Improved revenue mobilisation by urban local
bodies
Through
the 73rd and 74th Constitutional amendments, rural
and urban local bodies have been granted constitutional status and
devolved various administrative and developmental powers. The local
bodies have been given substantial authority to mobilise their own
resources through taxes and user charges to finance higher proportion of
their growing expenditure needs. In view of the state’s present fiscal
scenario, it has become even more imperative for local bodies to exploit
the powers to the hilt to garner financial resources on their own.
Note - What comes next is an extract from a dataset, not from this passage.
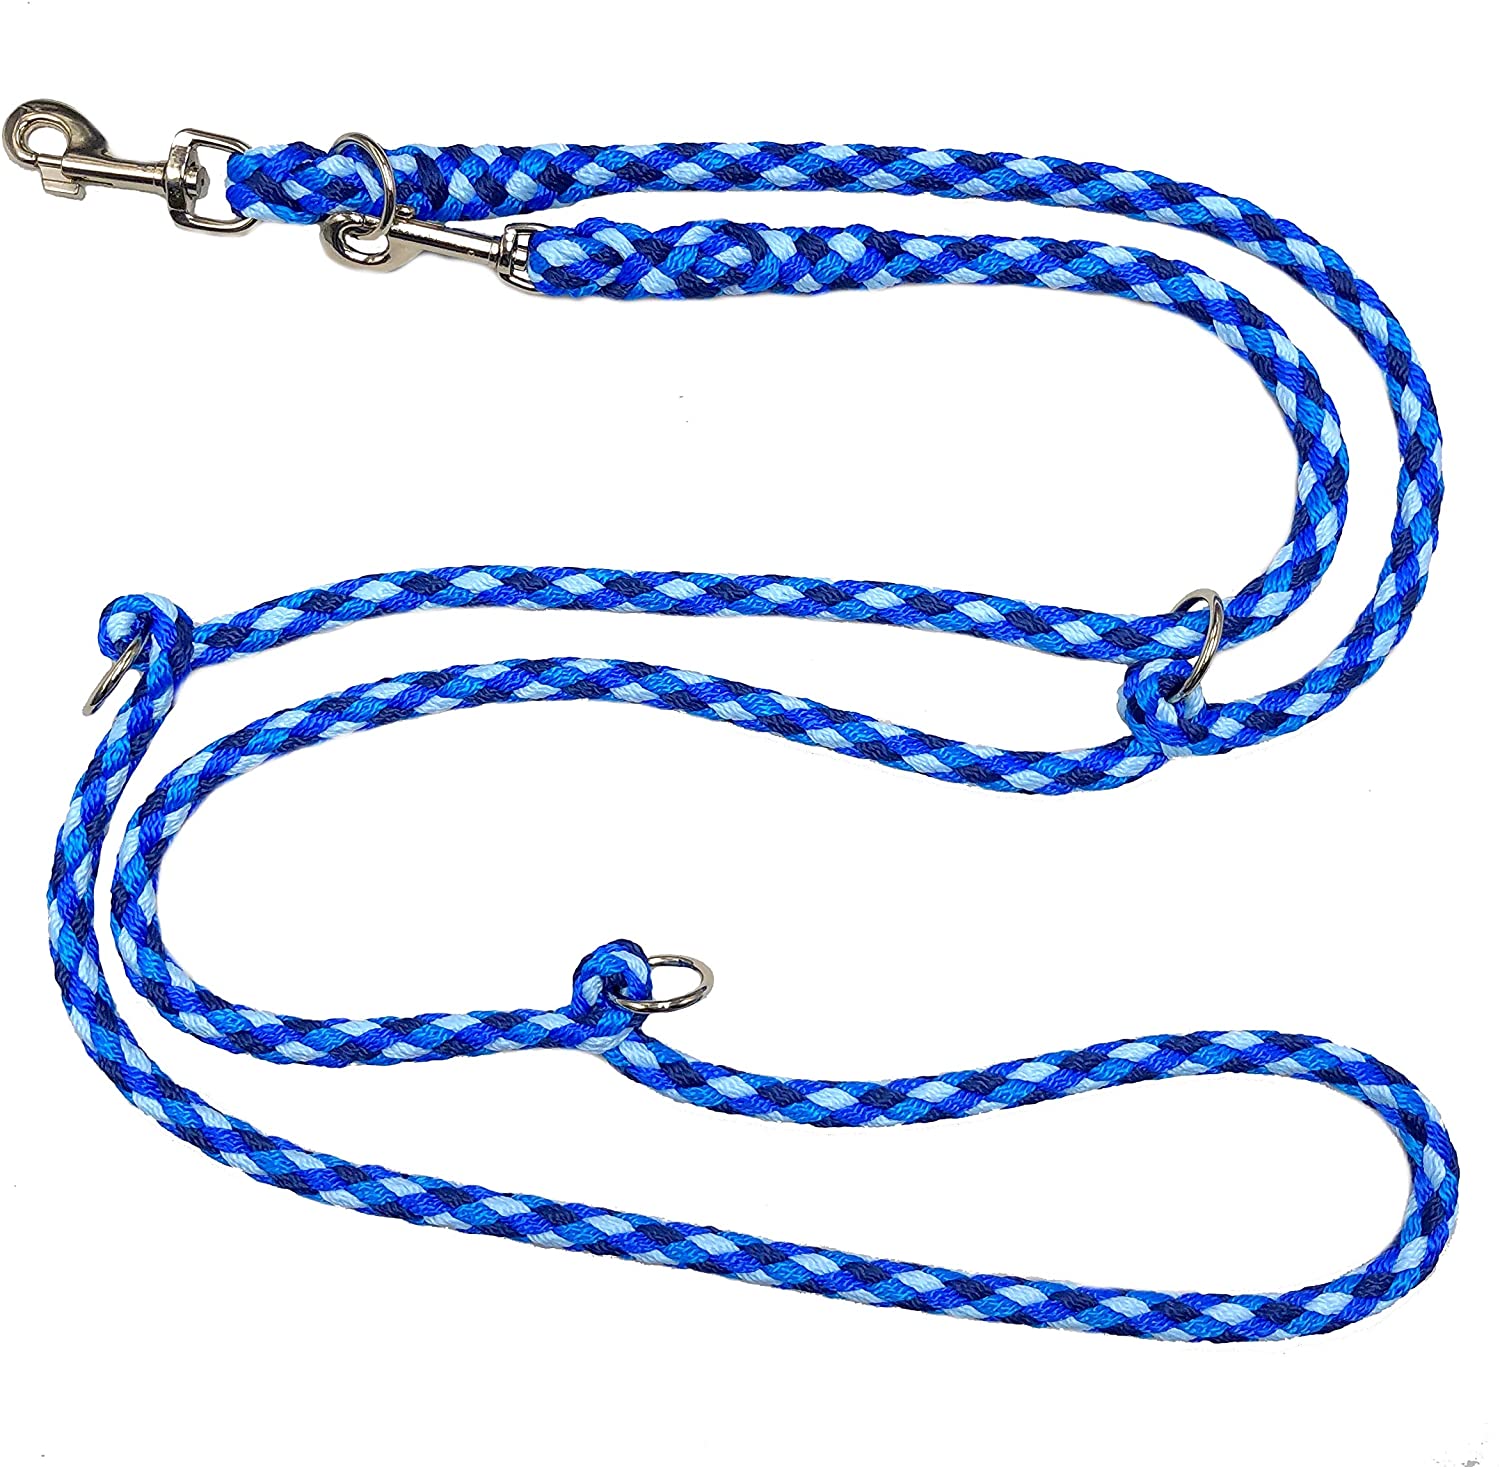  Perros cuerda doble cuerda Ocean 2,00 m y 2,40 m 3 Compartimento – 2,80 m 4 posiciones correa cuerda

Property Tax reforms have already been initiated, while
identification of appropriate sources for indirect taxes are under
consideration. Simultaneously, the ULBs need to significantly enhance
efficiency and accountability in their expenditure.
Core Investment Programme
The
state of infrastructure, both physical and social, is acting as a drag
on growth in Madhya Pradesh. The sector calls for urgent intervention if
the growth process is to be accelerated and states finances are to
benefit. Alongwith the requirement of funds for proper maintenance of
existing assets, infusion of resources for new projects is extremely
critical.
Fresh
investments on the plan side of the budget would be targeted
specifically towards priority or new thrust areas. A Draft Core
Investment Programme (CIP), has been prepared for sustainable and
optimal utilisation of resources, with judicious trade-offs. The CIP
will be protected in the budget and further steps will be taken by
Planning Department to institutionalise the CIP process for the future.
District Plans
To
carry the process of decentralisation to its logical conclusion the
Government of Madhya Pradesh has decided to formulate District Plans
from the year 2002-2003. District Plans are being prepared by the
District Planning Committees on the basis of an assessment of needs
& resources which include both State assistance for District Plans
and locally available resources. The district plans are integrated into
Sectoral State level Plans. Decentralised planning is expected to yield
better results in terms of plan implementation and economic development
of the State.
Privatisation of Infrastructure
While
maintaining the momentum of public expenditure, private capital needs to
be attracted towards infrastructure development. The state would create
an enabling environment for privatisation through BOT and other
mechanisms for new assets. The PWD
and the MP Rajya Setu Nirman Nigam (MPRSNN) have introduced the
Maintain-Operate-Transfer (MOT) system on selected roads. This can be
extended to other roads and also to bridges where tolling has been
discontinued. In addition, Rehabilitation and
O&M of power, irrigation, urban utilities and transport services may
be contracted out, not only to increase efficiency, but also to free
scarce resources which may more fruitfully be used for creation of fresh
infrastructure, especially in sectors where private capital is hard to
come by.
INSTITUTIONAL STRENGTHENING OF THE FINANCE DEPARTMENT
In
addition to the above, the state government is attempting institutional
strengthening of the Finance department through a computerised MIS. This
system would link the Treasury, Budget Directorate, State Budgeting And
Fiscal Analysis Unit, Accountant General, RBI, etc. and allow the
concerned officers of the Finance Department to monitor the revenues and
expenditure position, online, on a regular basis.